The line with "ew tote lauren", the line with "Henry Glass - Whispers of Wisdom panel", and all lines between them in the material below: return these exactly, and no others.

Data for the task: Begin

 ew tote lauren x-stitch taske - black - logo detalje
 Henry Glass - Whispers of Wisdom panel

Data for the task: End
Data for the task: Begin

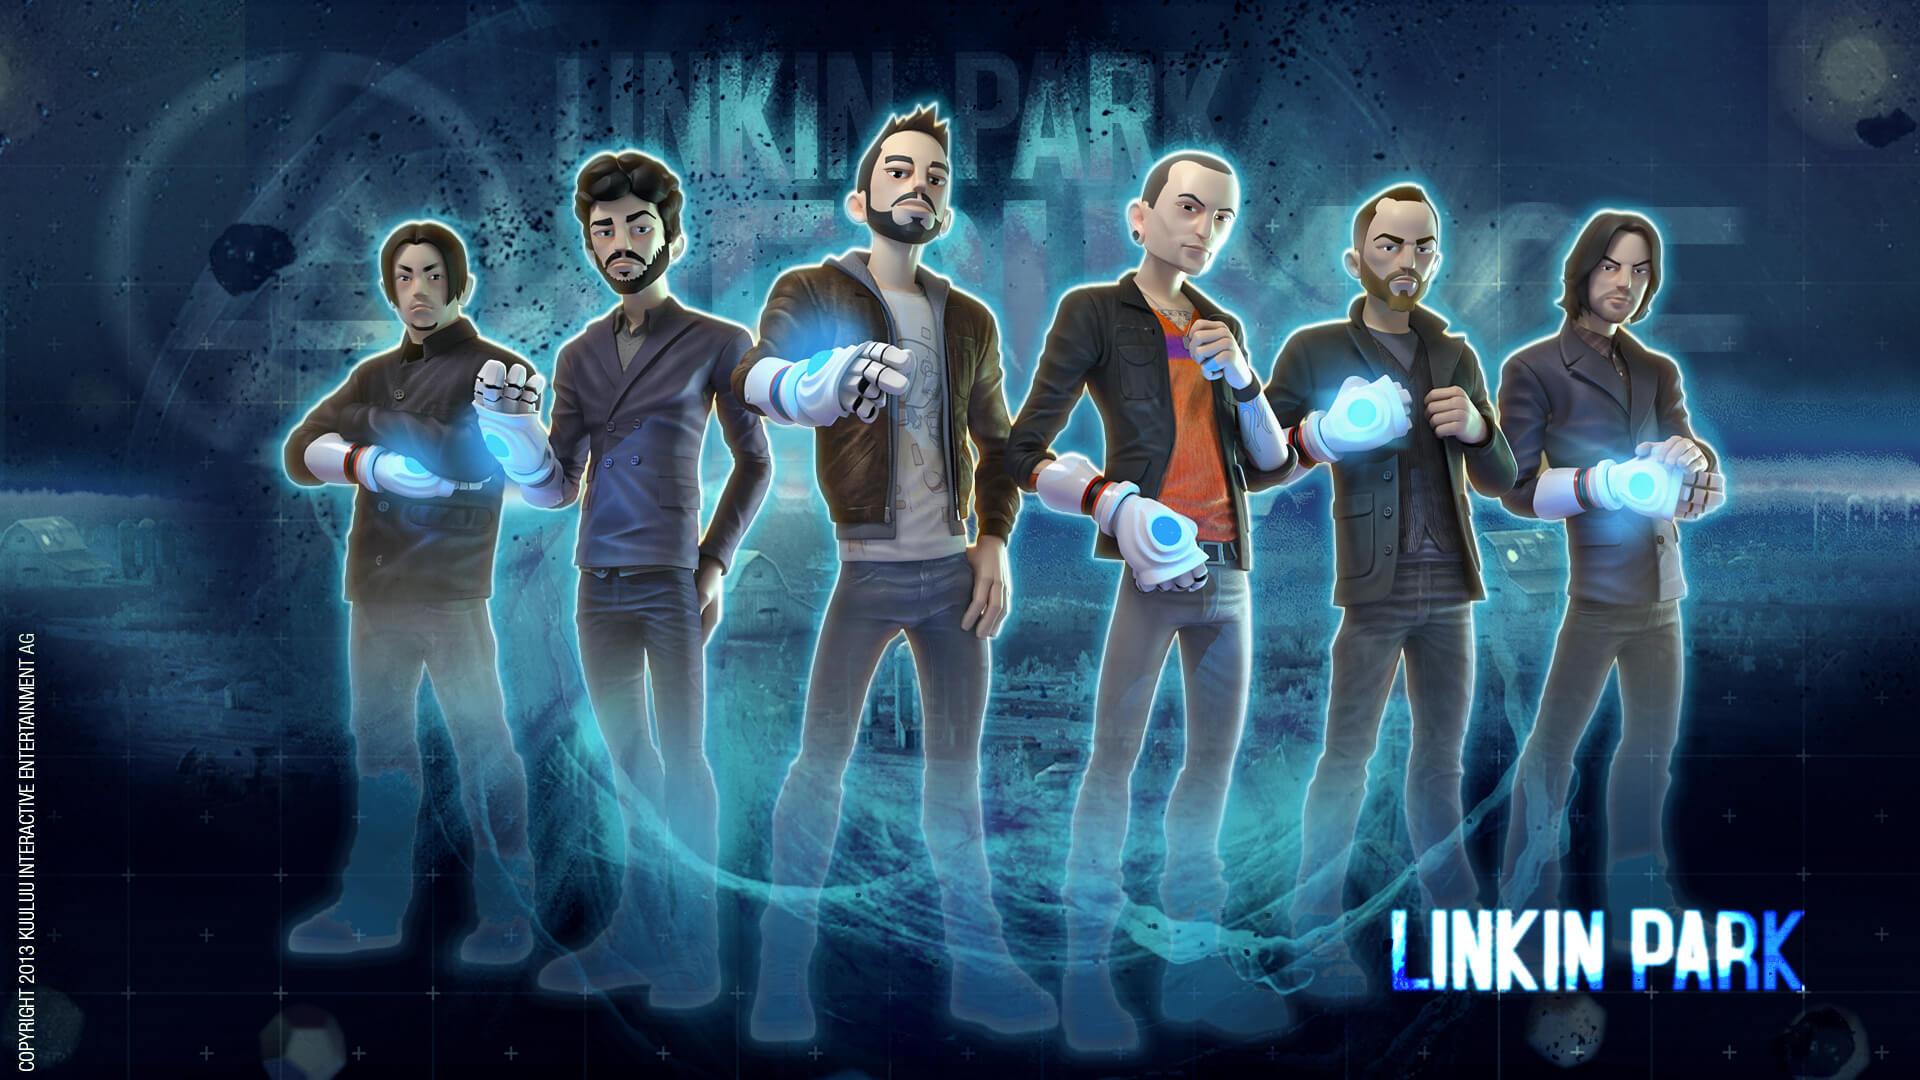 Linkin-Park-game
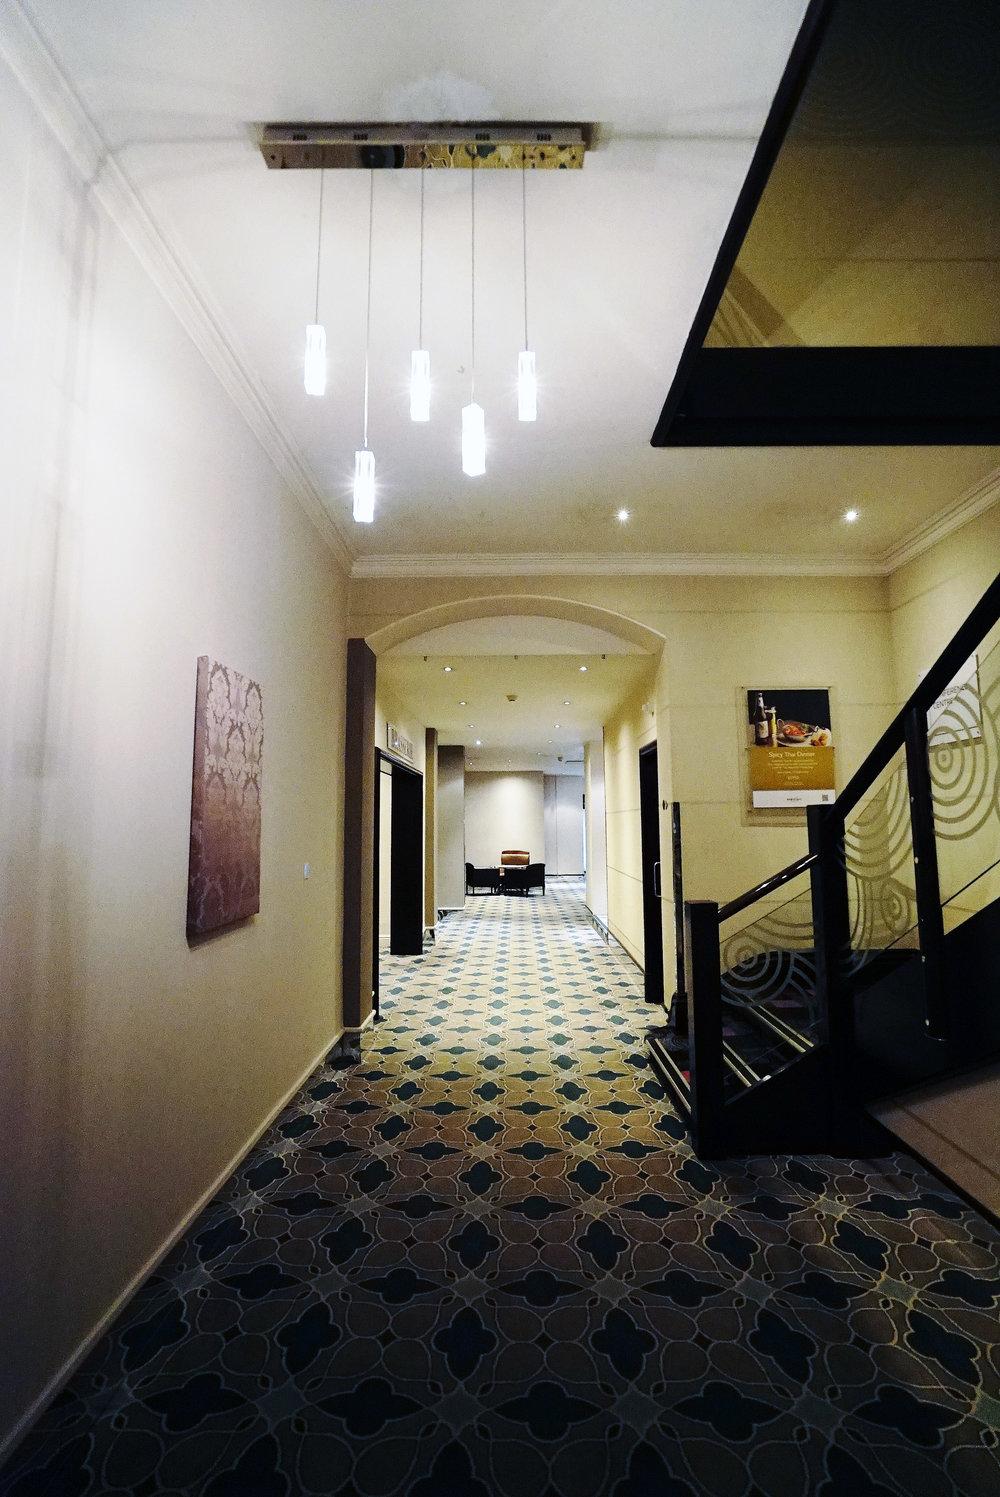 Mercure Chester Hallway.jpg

Data for the task: End

◆ Written reply:
 ew tote lauren x-stitch taske - black - logo detalje
 Henry Glass - Whispers of Wisdom panel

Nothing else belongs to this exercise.